A.T. mentioned that the curvature beyond the Earth is negative, but that at some radius (I assume it's within the Earth's radius), the curvature inflects to positive. This makes me wonder: Suppose we had a hollow chamber inside the Earth's core, say 100km from the center of mass. We let two massive objects freefall. From our fixed perspective in the chamber, would we view the objects' paths as diverging?

Last edited: Dec 7, 2013
10. Dec 7, 2013

### Staff: Mentor

It's positive everywhere inside the Earth, assuming the Earth is solid. See below.

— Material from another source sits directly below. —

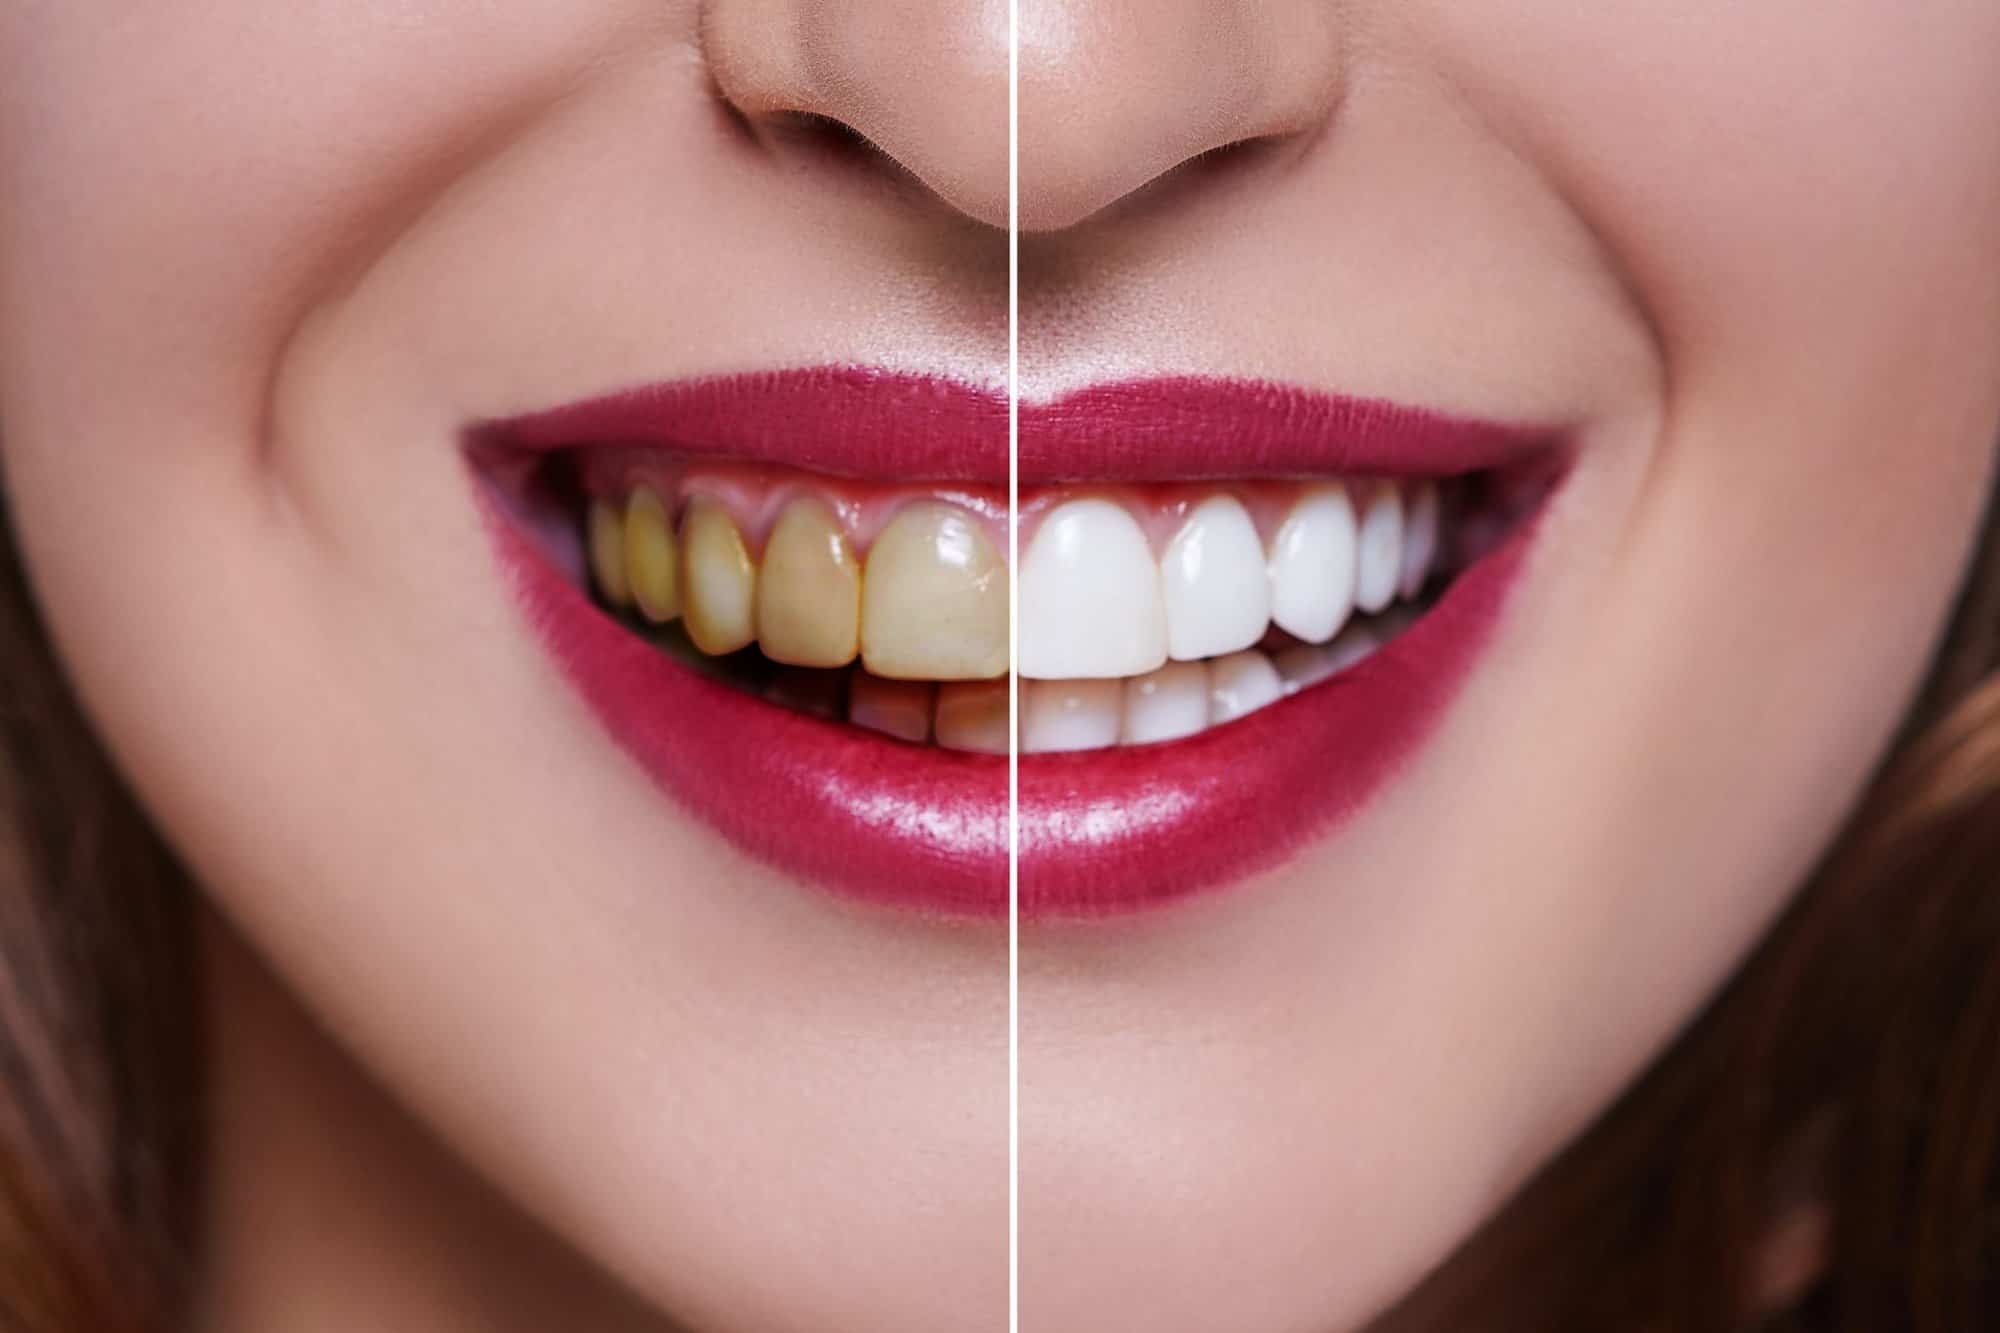 How Long Does Professional Teeth Whitening Last?

No; at least not if the chamber is spherically symmetric around the Earth's center of mass. (Technically, we also have to assume that the Earth itself is spherical.) If that is the case, then spacetime inside the chamber will be flat, and freely falling objects inside will not converge or diverge.

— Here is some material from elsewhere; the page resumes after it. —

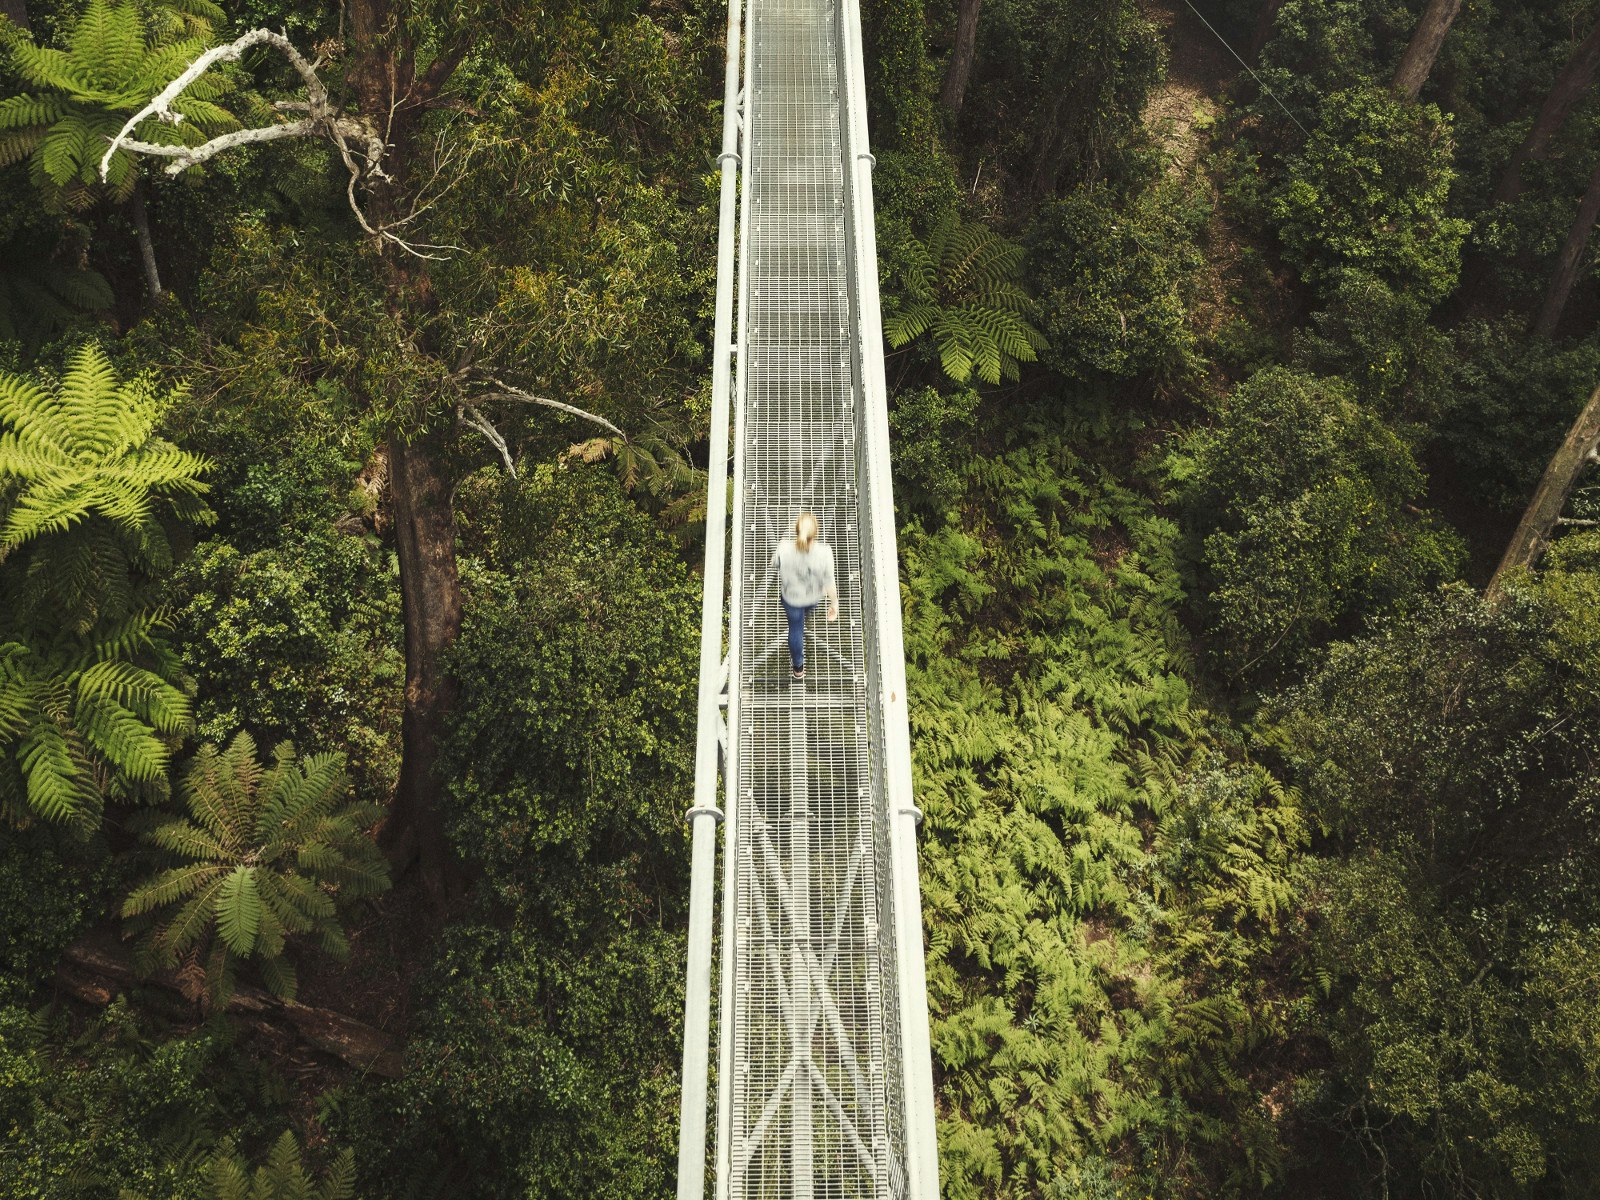 Jessica Cole walking along the Illawarra treetop walkway, suspended 30 metres above the ground

[Edit: After seeing A.T.'s post, I should clarify that I assumed the two objects inside the chamber did not have enough mass to create any detectable spacetime curvature on their own.]

Last edited: Dec 7, 2013
11. Dec 7, 2013

### A.T.

Do you really mean two massive objects, with non-negligible gravity on their own? They will obviously converge, with or without the Earth around them. Now you may ask why two massive objects in space converge, if both create negative curvature outside of them. Here you have to differentiate between local curvature at some point (which is negative outside of the masses), and net curvature over a larger area that includes both masses (which is positive).

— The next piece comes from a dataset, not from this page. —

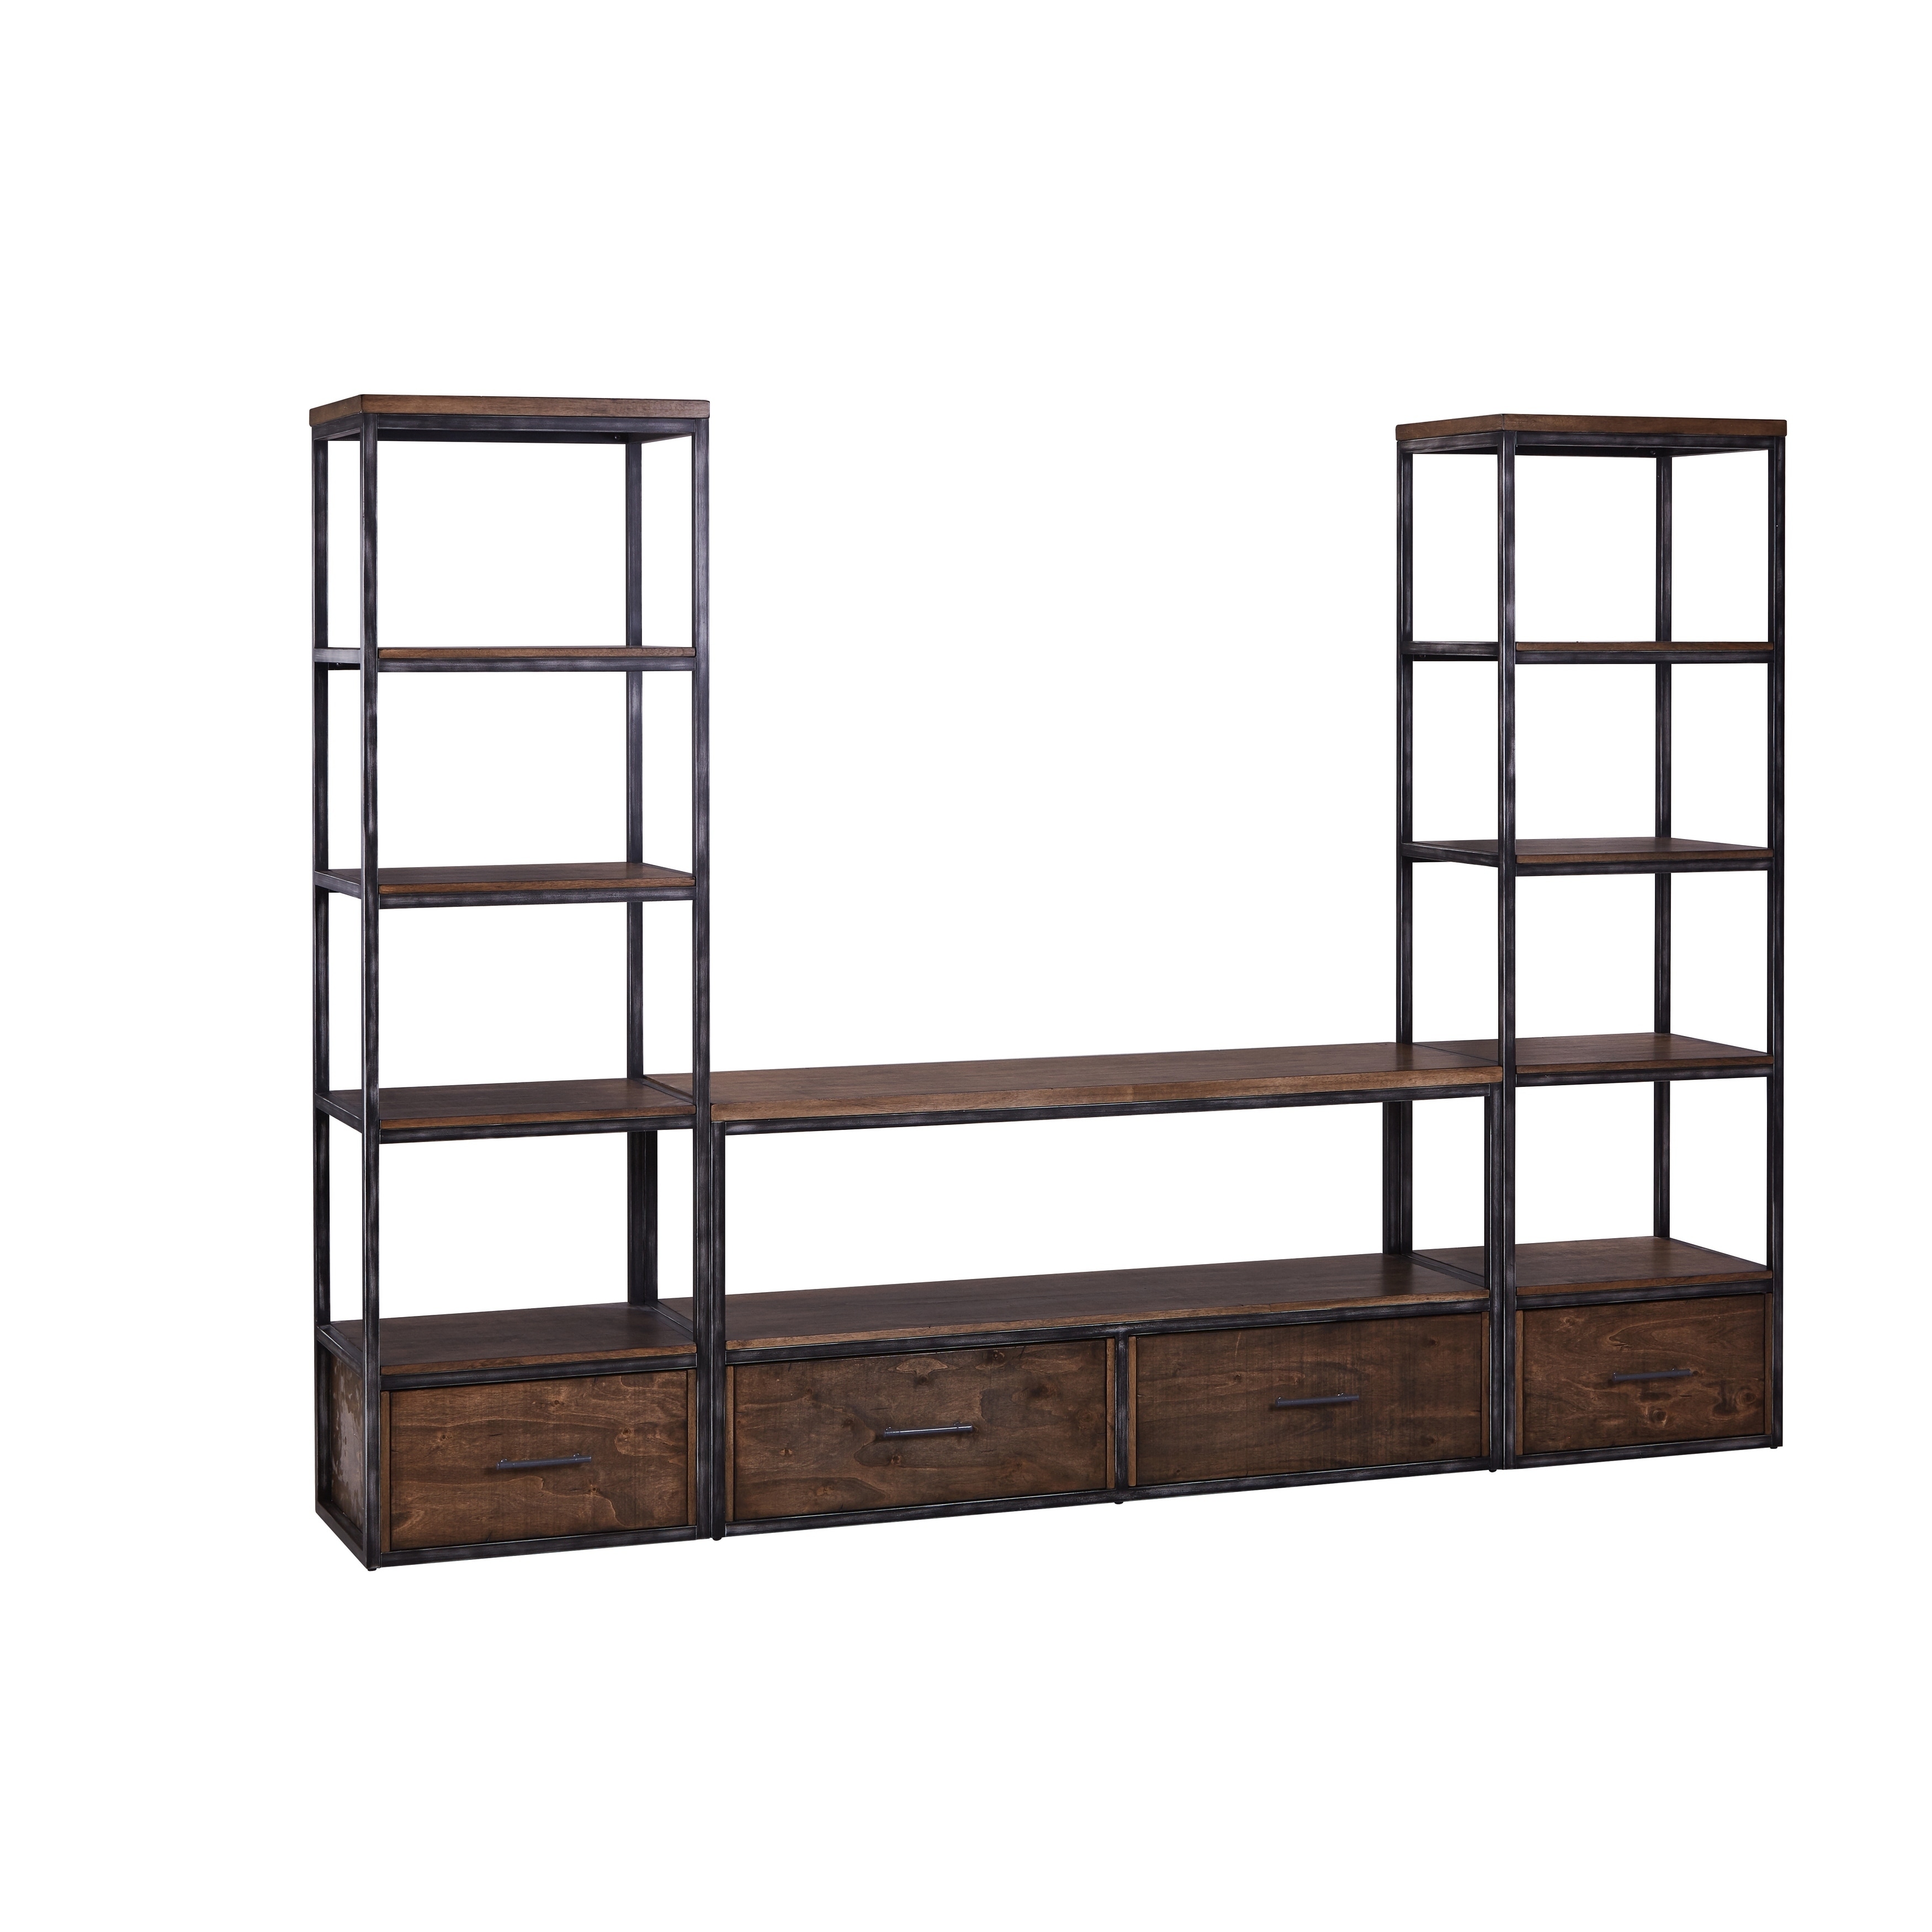 Shop Lane Black And Warm Brown Pier Tower Bookcase Overstock

But if you mean test particles with negligible mass, it depends on the shape and position of the cavity. A spherical cavity in a uniform density sphere should contain uniform gravitational fields, where space-time has no intrinsic curvature. So the test particles will neither diverge, nor converge, just move at constant velocities (if cavity is centered) or accelerate at the same rate (if cavity is off center).

12. Dec 8, 2013

### Karl Coryat

Yes, I neglected to say ignore any curvature due to the objects themselves.

I am not talking about a chamber at the center of a spherical Earth, where spacetime would be clearly flat. I mean, a chamber at some distance from the center (e.g., 100km). Presumably spacetime is not flat there -- PeterDonis notes that it is positive, if I understand correctly. Does that mean that two "dropped" test objects would diverge as they (slowly) approach the center of mass?

Common sense suggests that all free-falling objects converge toward a center of mass, regardless of their location. So I'm asking whether the curvature inflection from negative to positive means freefalling paths "behave" differently close to a center of mass. That seems paradoxical, to simultaneously fall toward and diverge away from the center...hence my confusion. Thank you for your patience!

13. Dec 8, 2013

### A.T.

Just forget the cavity as it makes it more complicated. Consider test particles that don't interact with the matter of the big mass (except for gravity), like neutrinos but even less interacting.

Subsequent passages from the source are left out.